Hopefully some others have some ideas, I will keep reading the threads and sort out what to do.

Oh and my other concern is how the heck can one restrict the video content. Does prime offer levels like Netflix? Which makes it a pain for ME to watch something else occasionally.

I have an iPad also, and I don't think their parental controls are enough either!

Enjoy the Fire's though, and be sure to let us know how it is working out with the kids.


----------



## JetJammer (Jan 18, 2009)

According to the kindle support page for the Fire, it's not necessary to attach a credit card to the account for the Fire.  Supposedly you can still use Amazon gift cards by attaching an address to the account without a credit card.  I haven't tried it, but that's the way I read it.  It might be worth looking into.


----------



## Lisa M. (Jun 15, 2010)

JetJammer said:


> According to the kindle support page for the Fire, it's not necessary to attach a credit card to the account for the Fire. Supposedly you can still use gift cards by attaching an address to the account without a credit card. I haven't tried it, but that's the way I read it. It might be worth looking into.
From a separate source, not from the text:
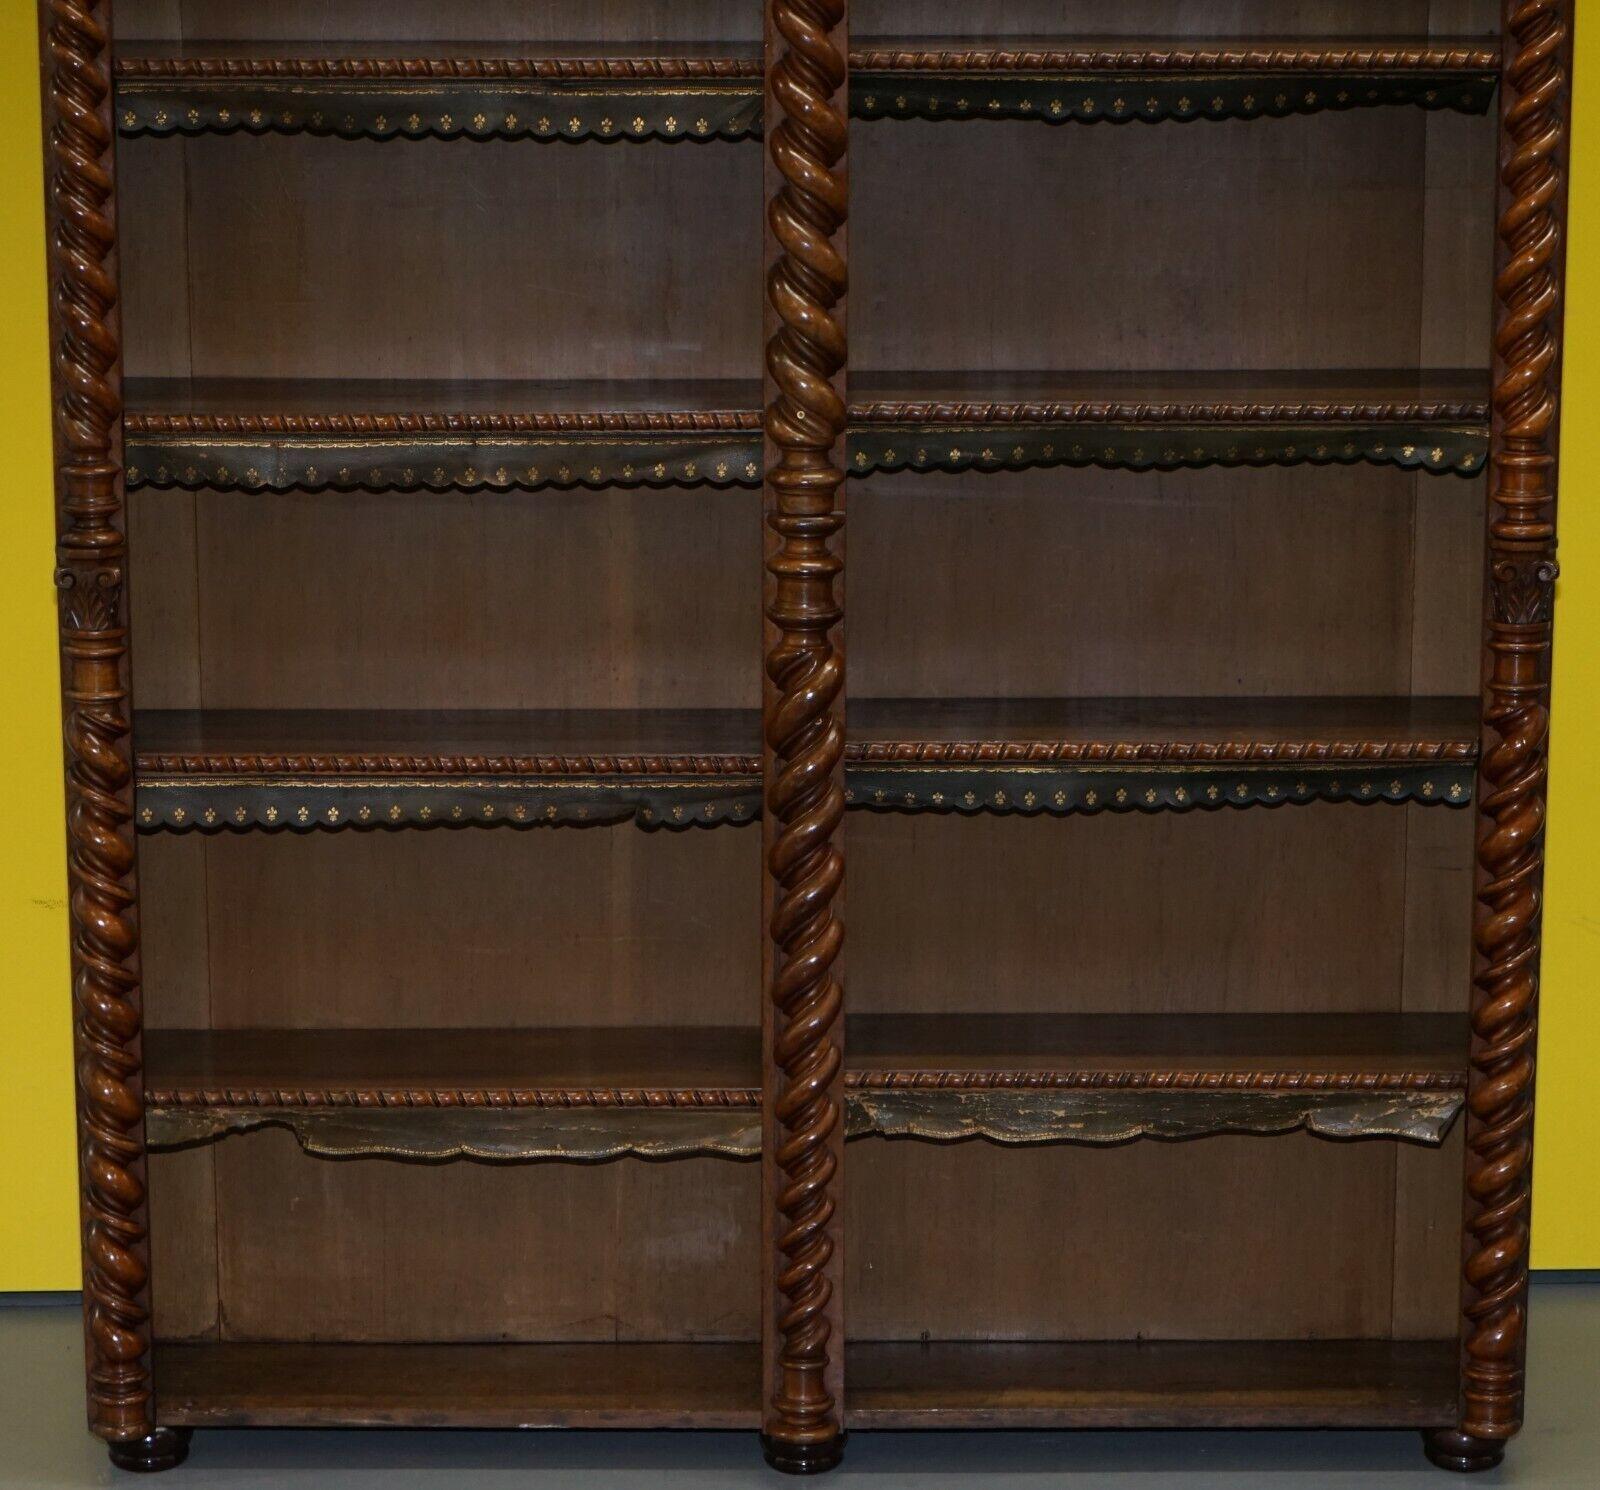 Hand-Crafted Rare Regency Library Bookcase with Hidden Build in Coat Cupboards Leather Trim

Oh I am glad to know this, I got a Fire for each of my girls for Christmas and was going to do a Visa gift card, this is better. Thanks!
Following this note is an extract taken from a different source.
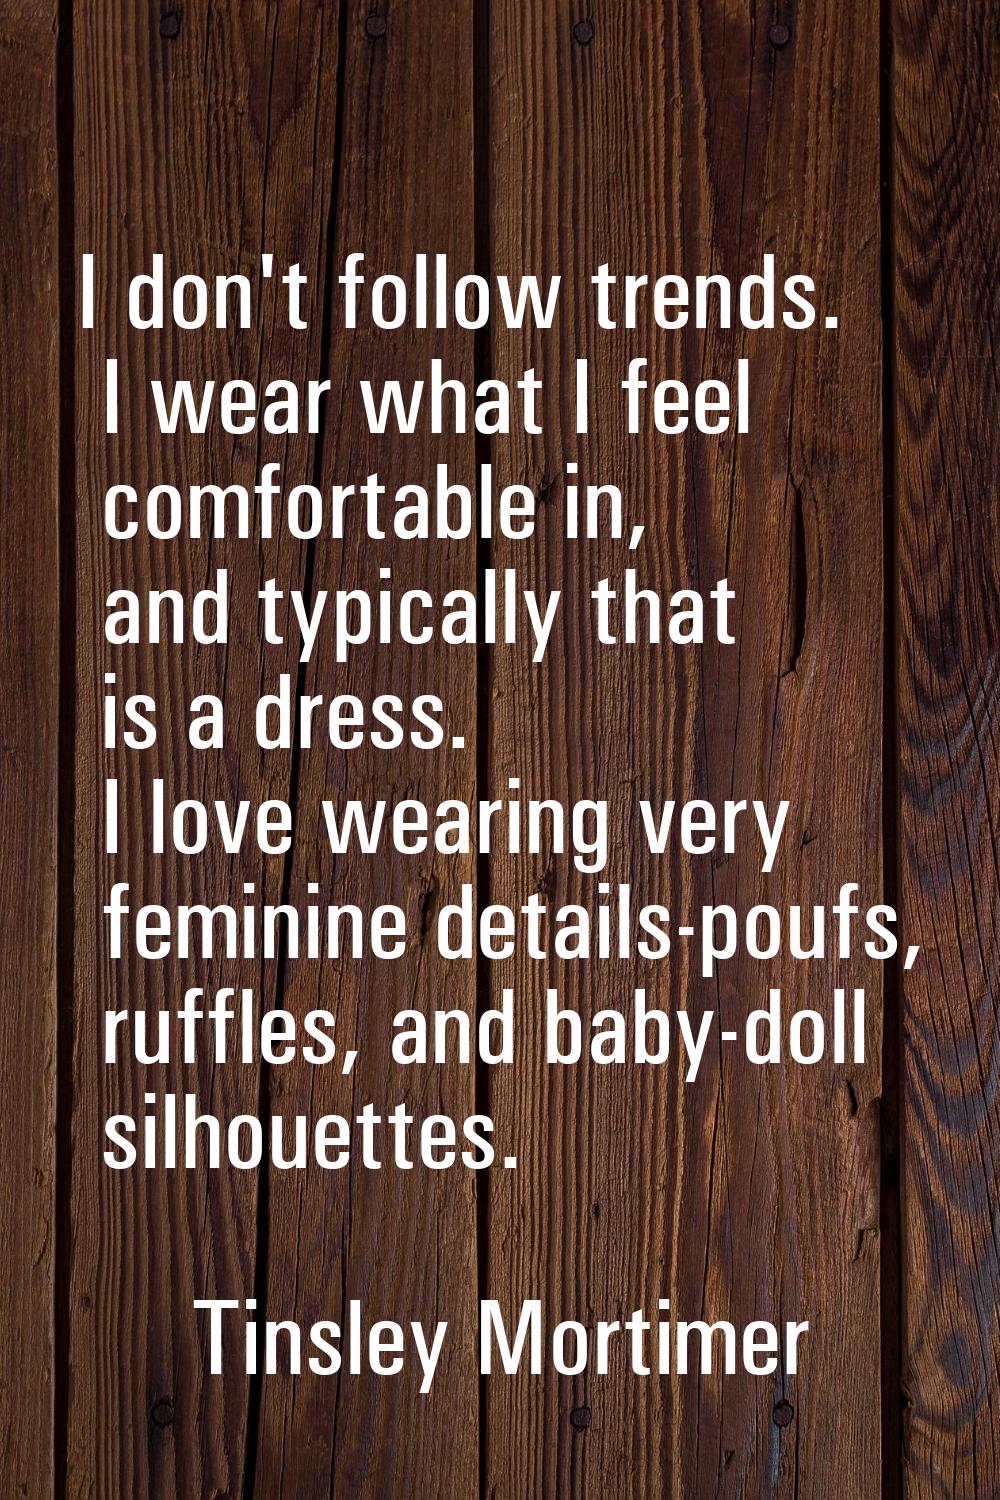 I don't follow trends. I wear what I feel comfortable in, and typically that is a dress. I love wea

Sent from my iPhone using Tapatalk


----------



## Lisa M. (Jun 15, 2010)

I just re-read what I posted, and I assumed (yeah I know I know) you were talking about Amazon GCs, which I prefer to use over others.


----------



## KindleMom (Dec 11, 2008)

Parental controls would be nice. I want to get one of these for my 12 yr old son who has an itouch and loves it - but it has parental controls - which _I _love. I won't get him a Fire until this is resolved.

Amazon is probably anti-censorship since they got their start from books, but some things I feel I really need to protect my kids from for as long as possible. I'm not naive enough to think he doesn't get into stuff I don't approve of, but I certainly don't want him to have free reign at 12.


----------



## CegAbq (Mar 17, 2009)

Also - if you do want to get a low-balance "credit card" for the account, I've been buying AmEx visa pre paid cards purchased from the post office; there is a small fee (I think about the same as a money order), but they never expire & don't charge any monthly fee.


----------



## kdawna (Feb 16, 2009)

Thank you all for some very helpful ideas. My girls actually won't be getting them until the Amazon prime, free month runs out. I didn't plan to buy  Prime since I am on our older son's prime account and I already pay for a Netflix account. The girls don't know what the password is so that is good! 
I tried to buy an app from the Amazon AppStore , with the credit card removed from the Amazon account, and the gift card added on to the account, but it wouldn't let me buy the app without the credit card.
Brenda


----------



## fuschiahedgehog (Feb 23, 2010)

Feeling the same frustration here.  I guess I'm going to have to create a new account to put the boys' kindles on - there are books in my account that I don't want them accessing, as well as access to unrestricted 1-click ordering.


----------